Interestingly, several of the predicted regions containing a CNV have also been implicated in either prostate cancer or tumorigenesis in general. For example, AbCNV predicted a deletion at 11q24–25. By qPCR we discovered that this 8.8 Mbp deletion has normal copy number in immortalized cell line (RWPE1) and only half the copy number in cancer cell line (WPE1-NB26). This region harbors the OPCML gene that has been demonstrated to act as a broad tumor suppressor in prostate cancer cell lines.³³ The authors showed the gene is epigenetically silenced by CpG methylation. Thus the presence of this deletion in WPE1-NB26 is consistent with deletion of the tumor suppressor OPCML during progression.

Similarly, a deletion in a suspected tumor suppressor locus chromosome 7q31, and a known fragile site (FRA7G) has been identified as a loss of heterozygosity region (LOH) in primary prostate cancer and is associated with tumor aggressiveness and progression.³⁴ Caveolin-1 (Cav-1) is one of candidate tumor suppressor genes in this locus and it has been shown to be downregulated in prostate tumors.³⁵ Cav-1 null mice develop a carcinogen-induced tumor susceptibly.³⁶ Also exogenous expression of Cav-1 in MCF7 human breast adenocarcinoma cells inhibited anchorage-independent growth and matrix invasiveness.³⁷

We discovered a complex event affecting two significant genes, NF2 and NIPSNAP1. NF2 gene was identified as mutated in neurofibromatosis type 2 and the encoded protein belongs to the Band 4.1 superfamily. Inherited NF2 mutation predisposes the patient to schwannomas, meningiomas, and ependymomas. Somatic NF2 mutations have also been found in other types of sporadic tumors. In several prostate tumor cell lines, NF2 expression was low or its activity was suppressed by PAK-mediated constitutive phosphorylation.^38,39 Many lines of evidence suggest its tumor suppressor properties involved in integrating and regulating the extracellular and intracellular signaling pathways that regulate cell proliferation, and survival. These studies, along with our results, indicate a potential role of NF2 as a tumor suppressor that is inactivated in prostate cancer progression.

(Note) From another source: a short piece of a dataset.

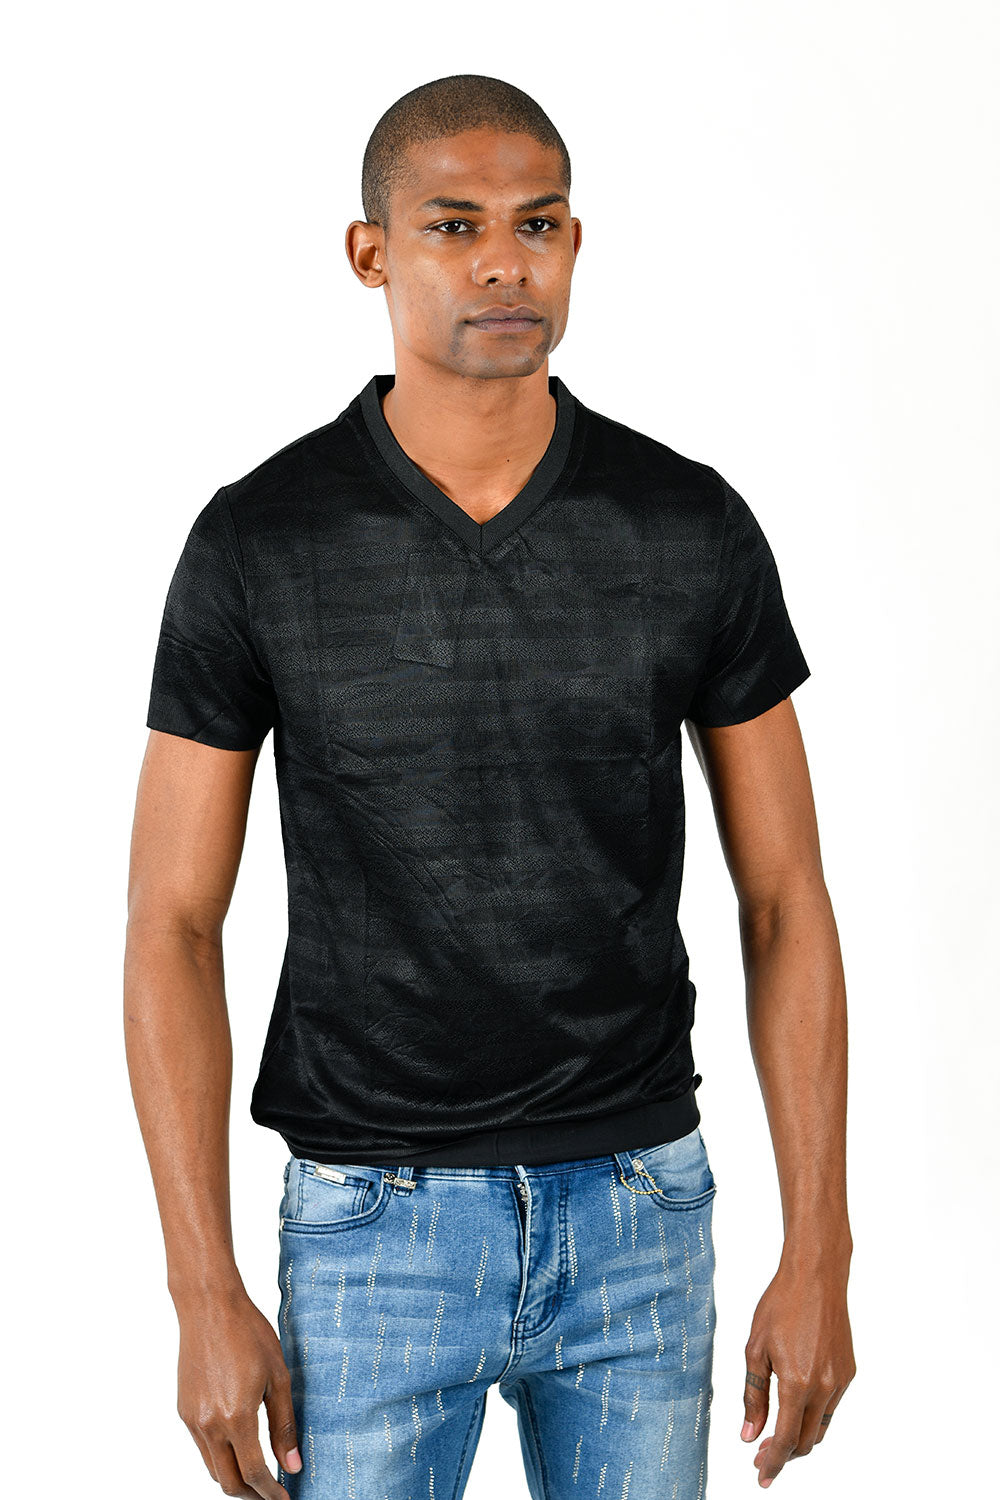 Barabas Men's Solid Color Black Graphic Tee V-Neck T-Shirts TV213

NIPSNAP1 belongs to a highly conserved family of proteins with unknown function. This protein was suggested to interact with the transient receptor potential vanilloid channels 5 and 6 (TRPV5/6) and inhibit their activity.⁴⁰ TRPV6 was demonstrated to confer resistance to apoptosis induced via Ca²⁺/NFAT-dependent pathways.⁴¹ Therefore, NIPSNAP1 might inhibit TRPV6 to promote apoptosis and thus have tumor suppressor activity. NIPSNAP1 deletion during the transition to malignancy will now allow TRPV6 to confer resistance to apoptosis.

UGT2B17 is of interest, because several previous studies have suggested that a deletion polymorphism in UGT2B17 may significantly contribute to prostate cancer susceptibility in men. UGT2B17 catalyzes the transfer of glucuronic acid from uridine diphosphoglucuronic acid to substrates. In the human prostate, natural androgen, dihydrotestosterone (DHT) has the highest affinity for the androgen receptor. UGT2B17 class of enzymes is responsible for DHT glucuronidation and inactivation.⁴² In other words, downregulation of UGT2B17 will increase the levels of functional DHT. Thus, the mutation of UGT2B17 may explain why WPE1-NB26 cells are much less sensitive to androgen depletion than the parental cell line RWPE1.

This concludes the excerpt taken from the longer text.